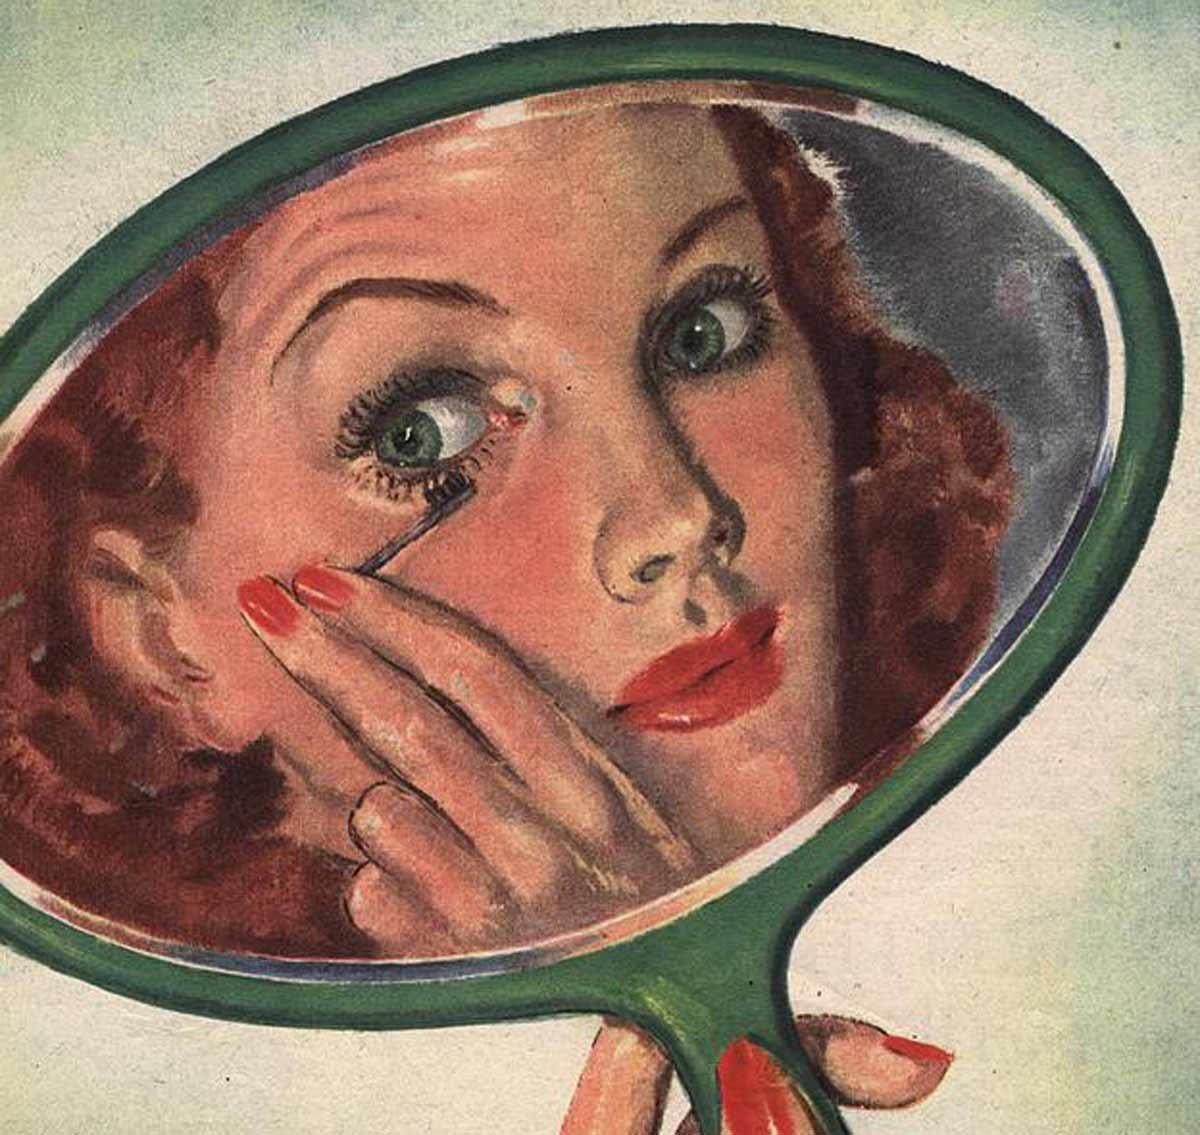 1940s Beauty – Eye Make-up Lesson 1941 | Glamourdaze
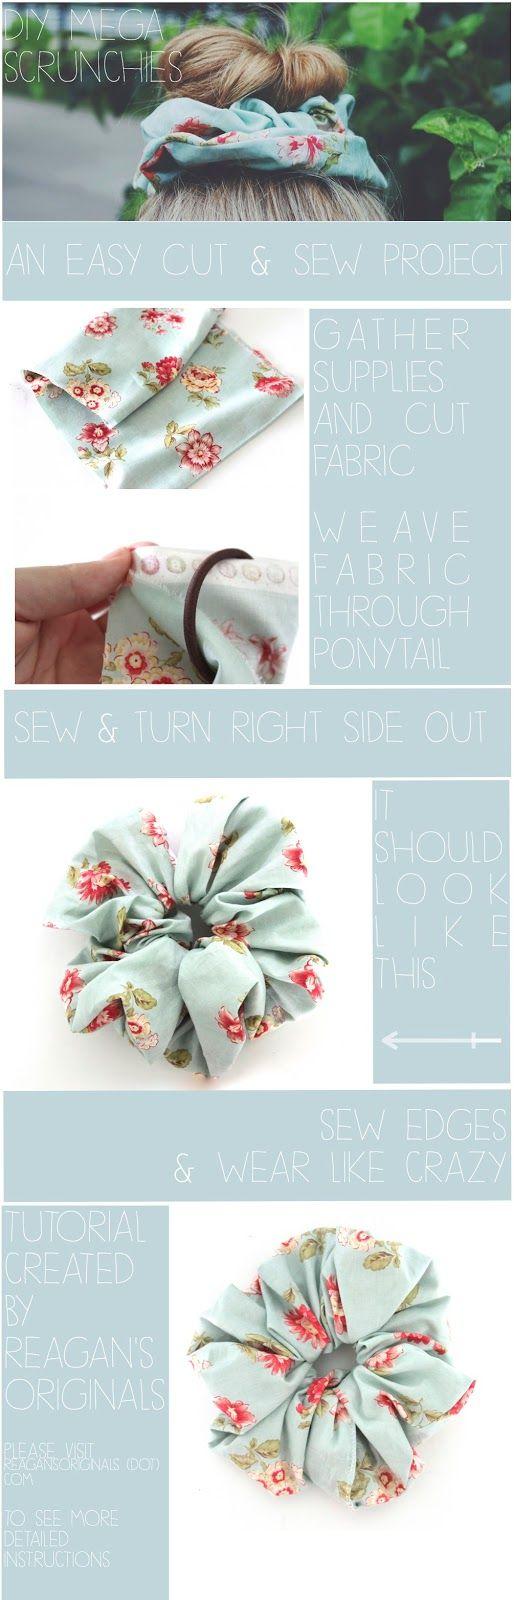 LilyAllsorts: DIY Hair Scrunchie: Pinterest Challenge February
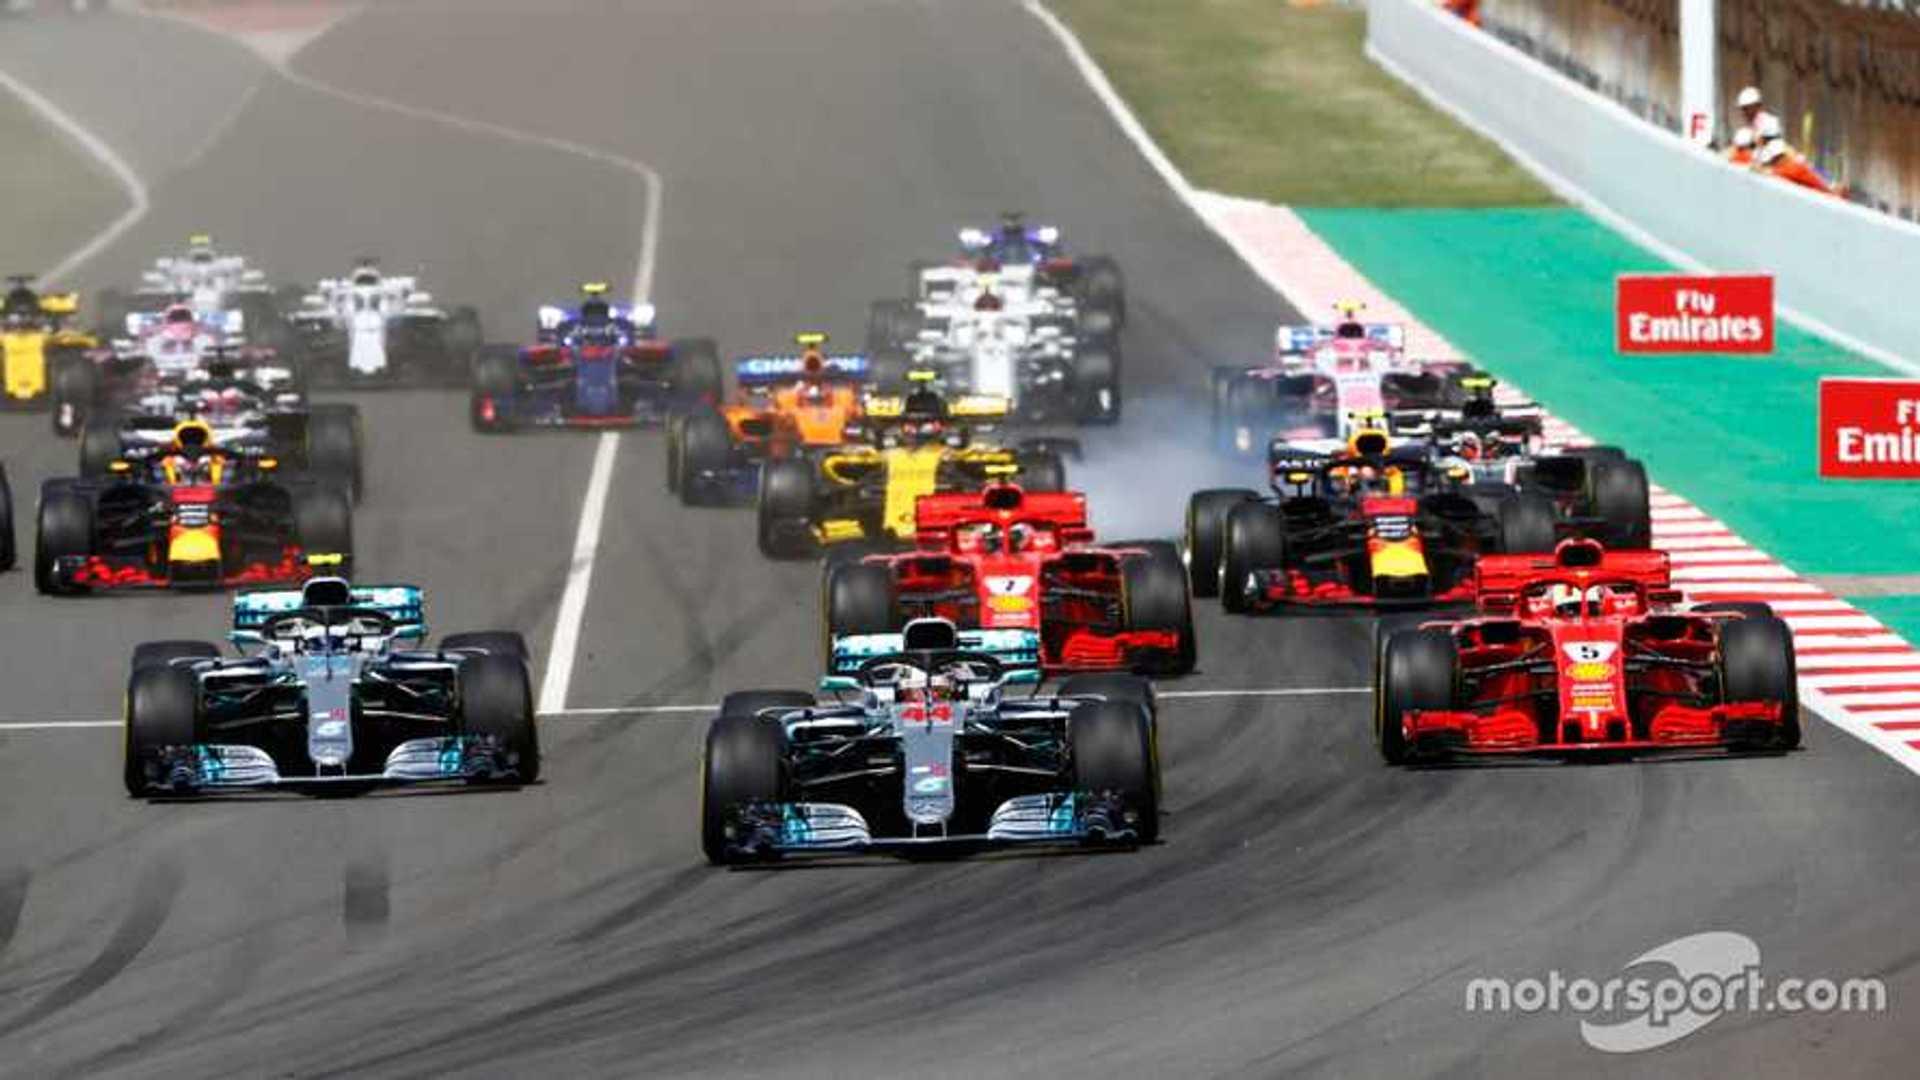 Spanish GP secures 2020 F1 calendar slot

| WORK ORDER |
Could you repeat all of the data exactly, minus the pictures?

| RESPONSE TO THE TASK |
 1940s Beauty – Eye Make-up Lesson 1941 | Glamourdaze
 LilyAllsorts: DIY Hair Scrunchie: Pinterest Challenge February
 Spanish GP secures 2020 F1 calendar slot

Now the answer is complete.